Given the growing problem of antibiotic resistance, the study authors urge that physicians give up using antibiotics altogether for adult patients with rhinosinusitis -- even when symptoms persist beyond a week.

Text Continues Below



"Antibiotics offer little benefit for patients with acute rhinosinusitis-like complaints," wrote the research team led by Dr. Jim Young of University Hospital Basel, Switzerland. "Antibiotics are not justified even if a patient reports symptoms for longer than 7-10 days," they added in the March 15 issue of The Lancet.

The European group noted that upper respiratory tract infections are responsible for a full third of doctor's appointments in the United States, and a third of those visits end in a diagnosis of rhinosinusitis. Currently, about 80 percent of patients receive a prescription for an antibiotic.

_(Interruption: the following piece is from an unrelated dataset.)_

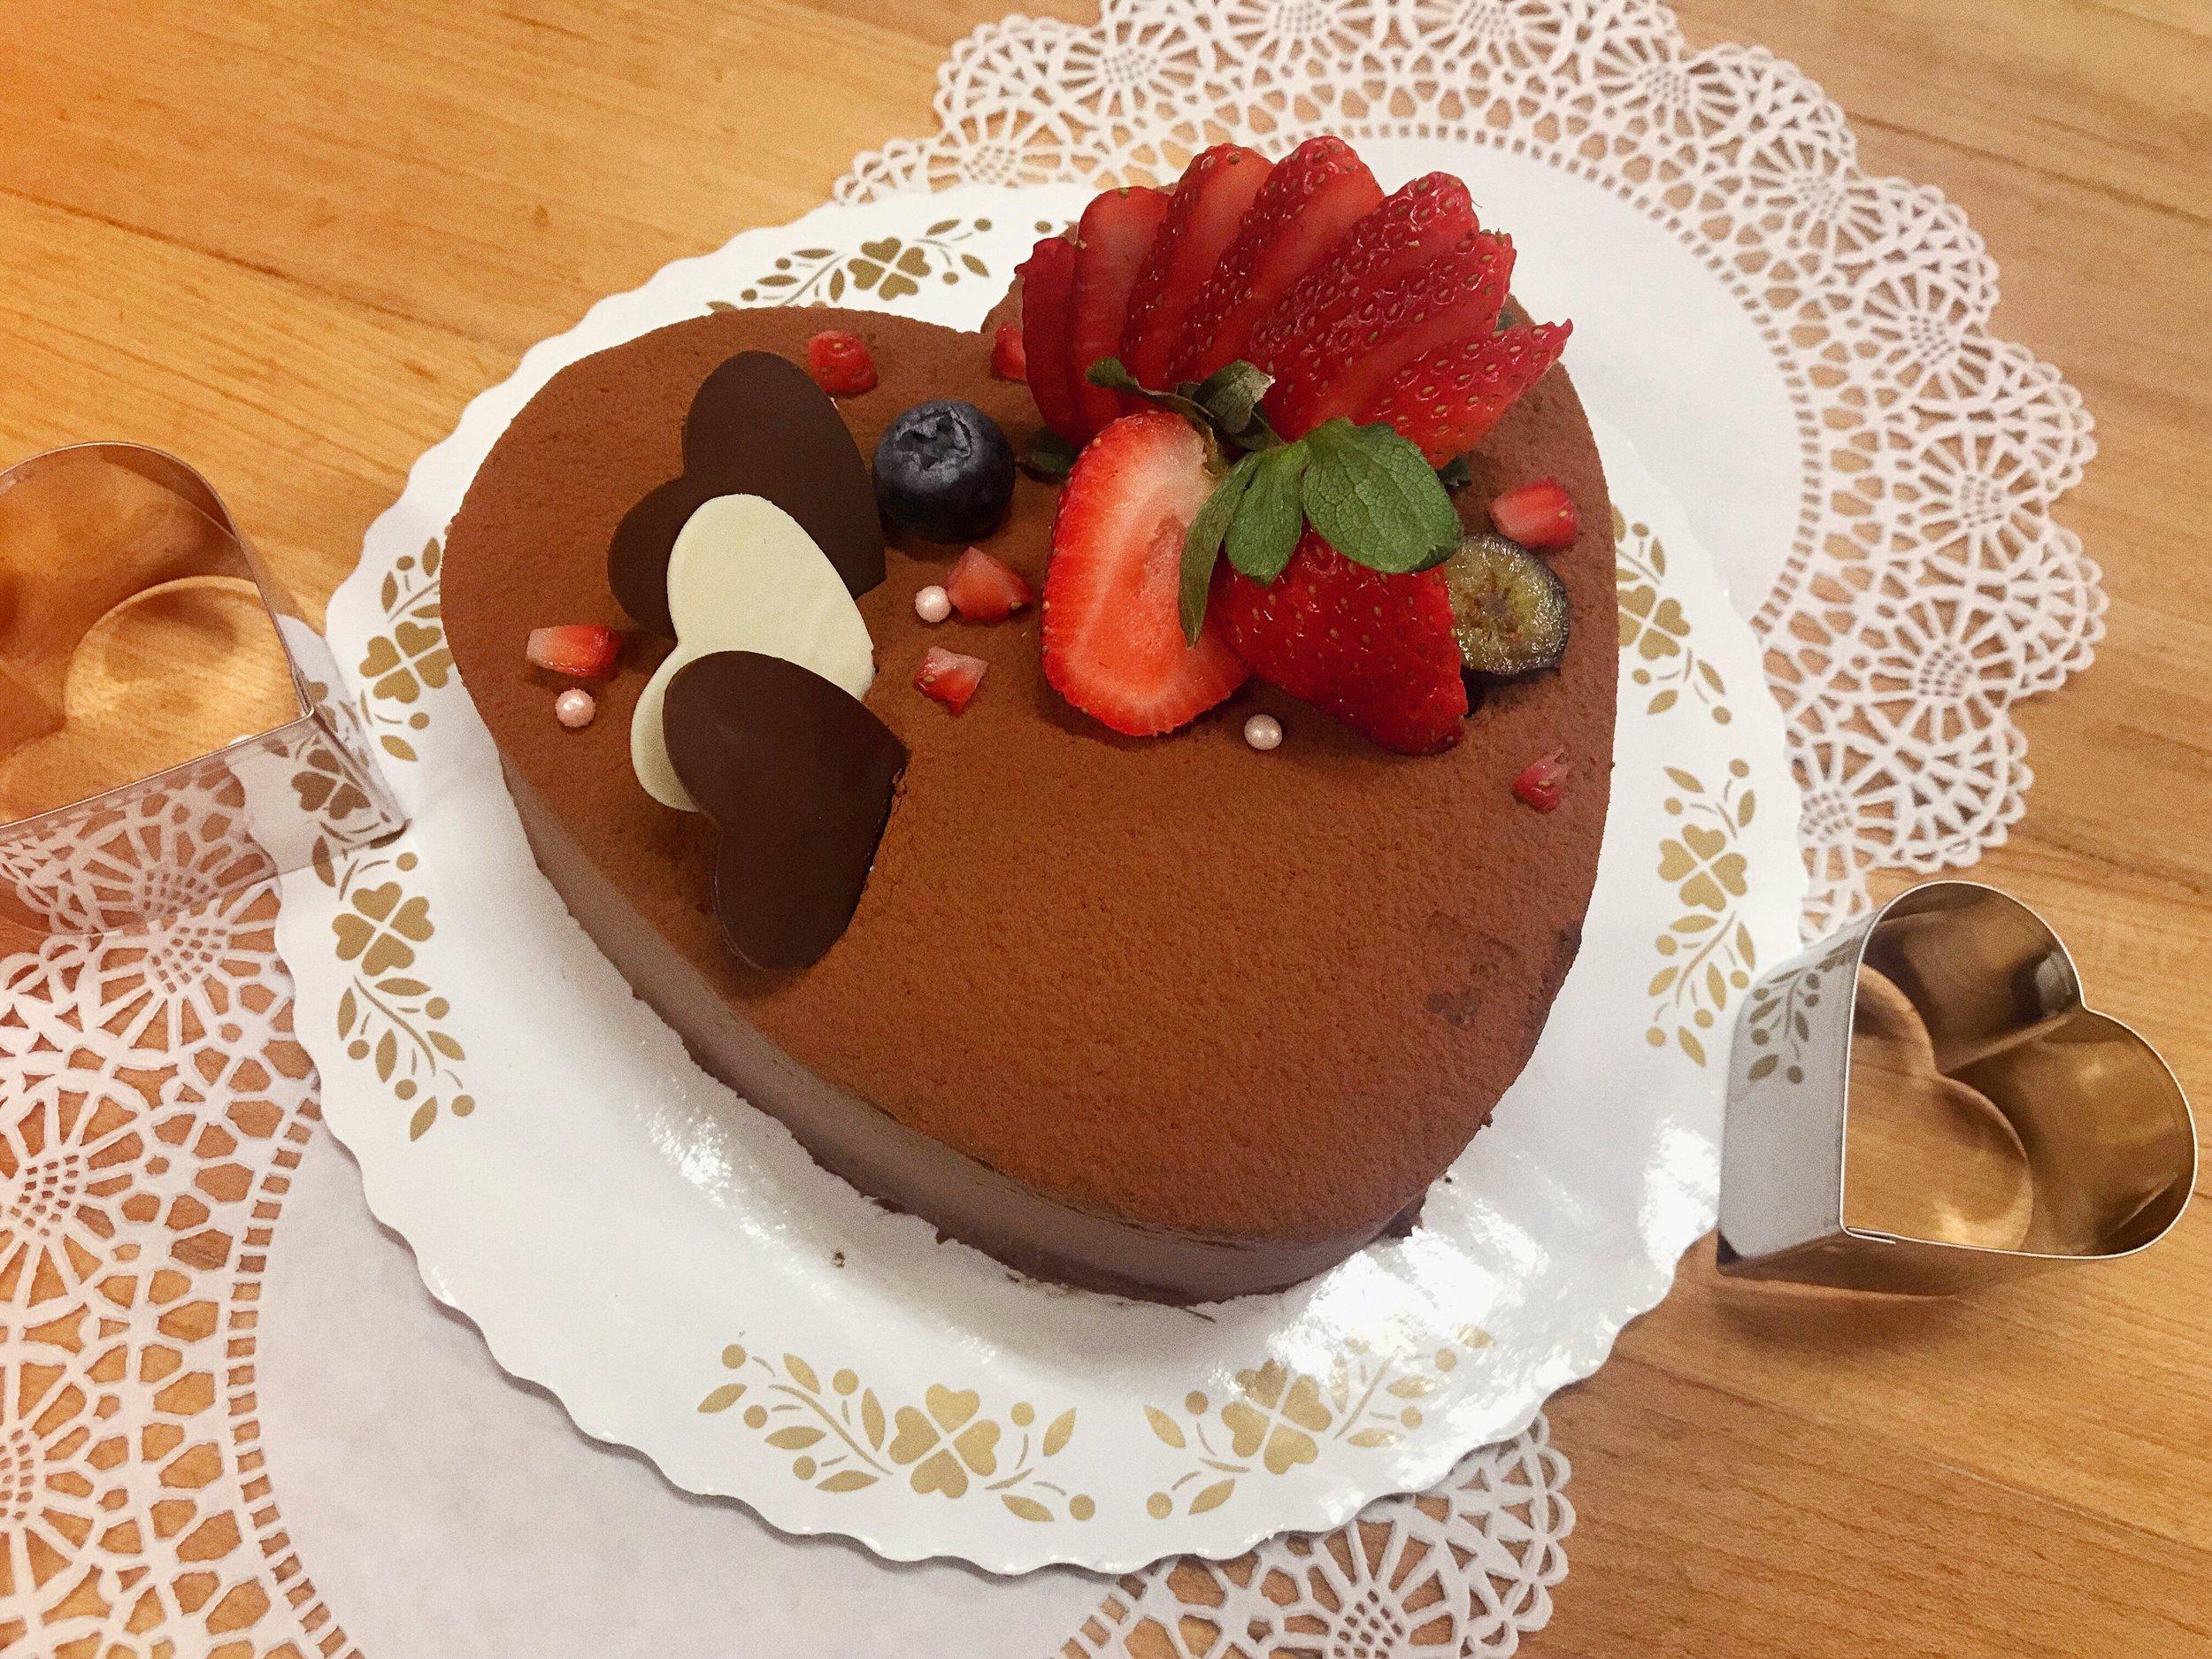 "Chocolate ""Queen"" Cake - Chocolate ""Queen"" Cake - For your majesty, a moist chocolate sponge cake filled with layers of silky chocolate cream and soft chocolate sponge, generously dusted with the finest cocoa powder and topped with handmade white & milk chocolate hearts and fresh berries! 👑♥️ A delicate dessert for any chocolate lover!チョコレート 「クイーン」ケーキ:チョコをふんだんに使用したケーキとなっております。こちらのスポンジにはベルギーチョコレートを使用し、その上にしっとりとしたチョコレートクリームを重ね合わせ、仕上げに滑らかな舌触りのココアパウダーをまぶした極上の逸品となっております。付け合せに手作りホワイトチョコのハートと季節のベリーを並べてります。それは狡猾で上品な舌触りですがその中でゆっくりと姿を現す繊細な甘さはまるで恋慕に浸る情炎な女王様を彷彿とさせる上品でしっとりしたチョコレートケーキとなっております。"
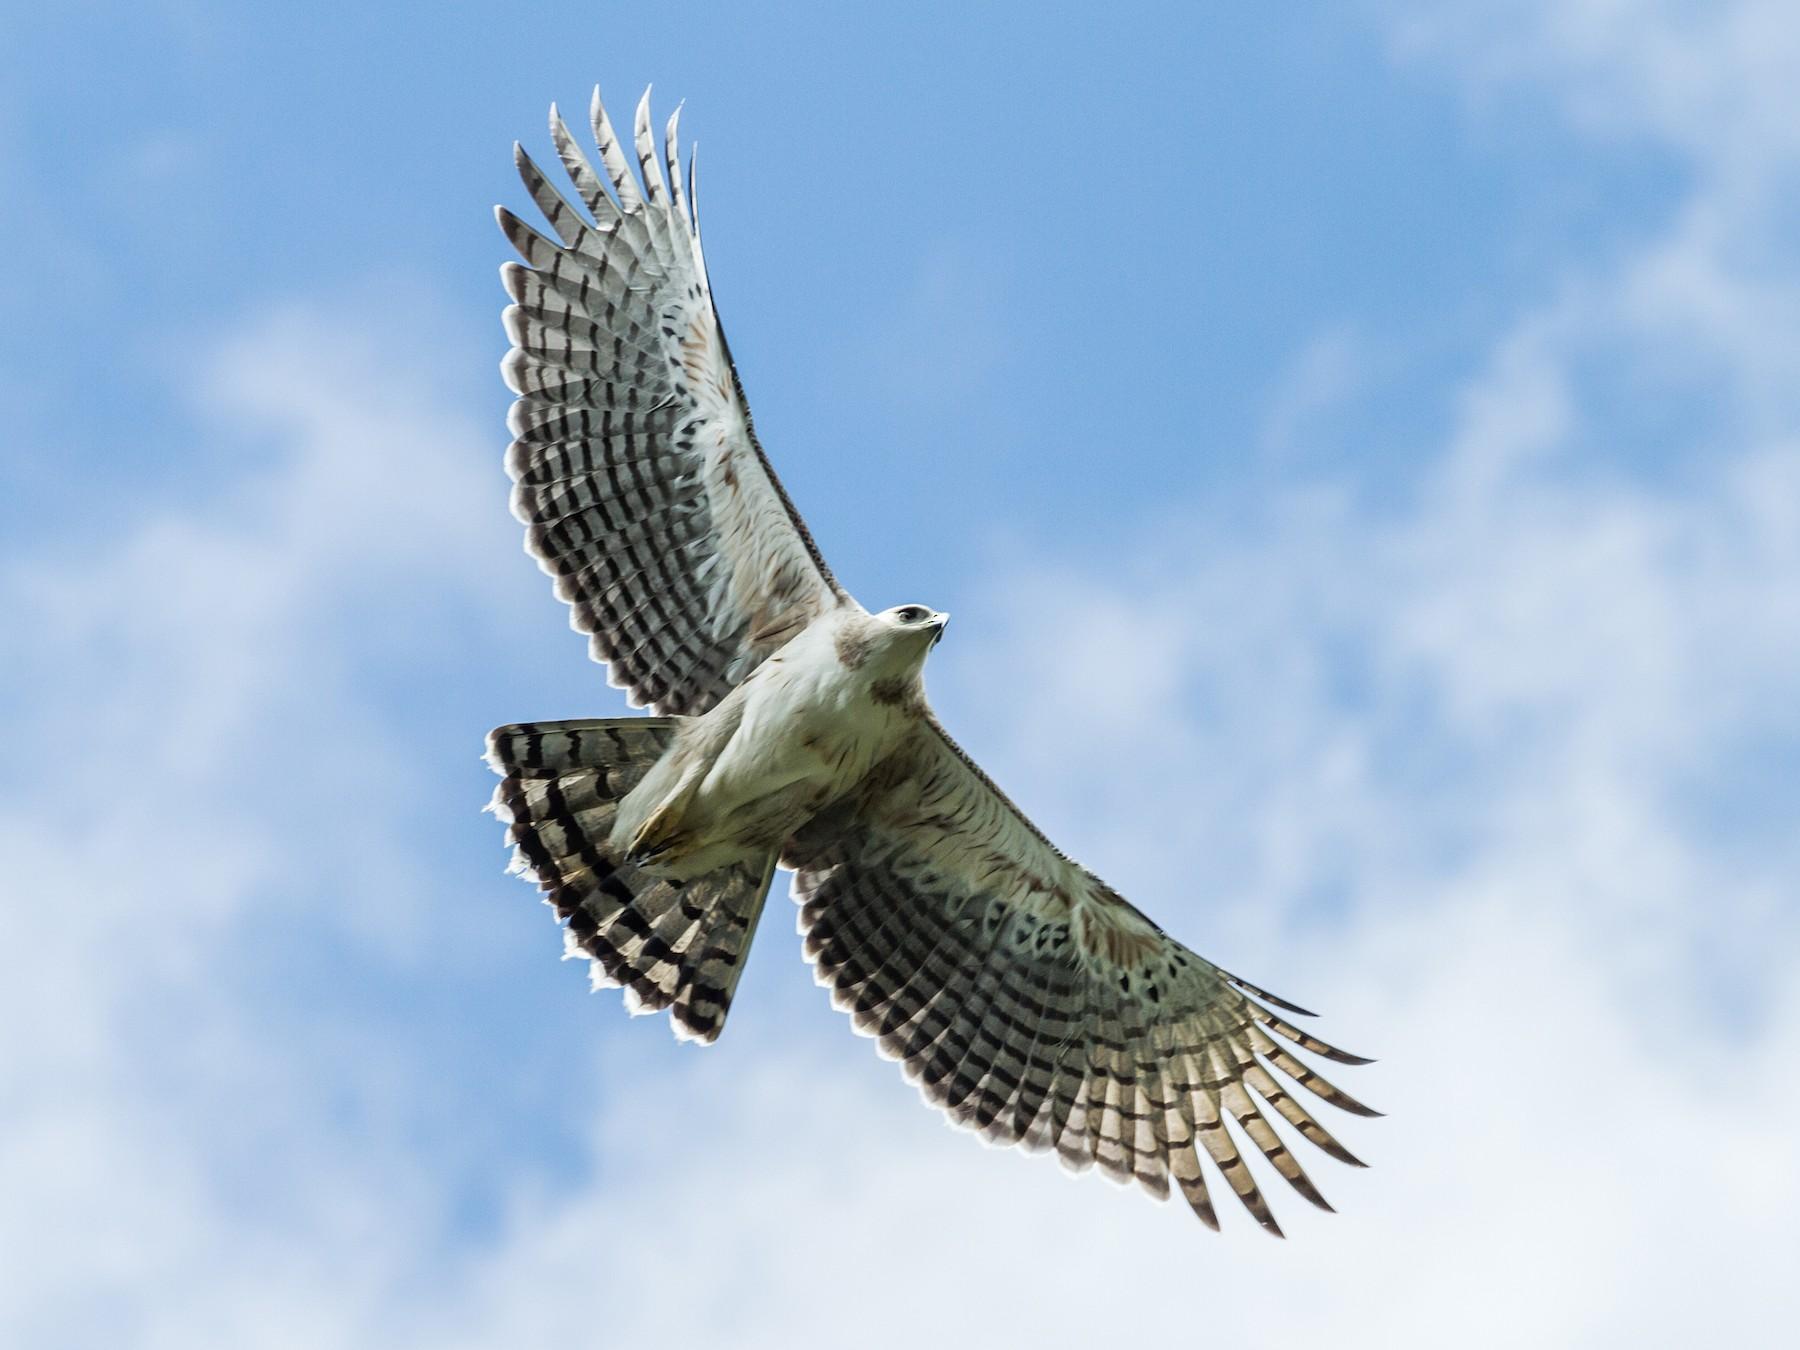 Black-and-chestnut Eagle - Nick Athanas

Antibiotics are only useful against bacterial disease -- they do not fight viral infections. But how good are doctors at distinguishing between the two in the typical clinical setting?

To find out, Young's group looked at data from nine trials with a total of more than 2,500 adult patients with rhinosinusitis. Doctors in the trials used a patient's medical history or symptoms -- for example, facial pain, pus-filled nasal discharge, or a prior cold -- that have been thought helpful in distinguishing a bacterial infection from a viral one.

Unfortunately, even these symptoms failed to help doctors determine whether antibiotics were appropriate. In fact, the analysis found that 15 patients with rhinosinusitis-like complaints had to be given antibiotics before one additional patient benefited from treatment, meaning that the other 14 were getting the drugs for no real purpose, the authors wrote. The result didn't change, regardless of patient age or duration or severity of symptoms.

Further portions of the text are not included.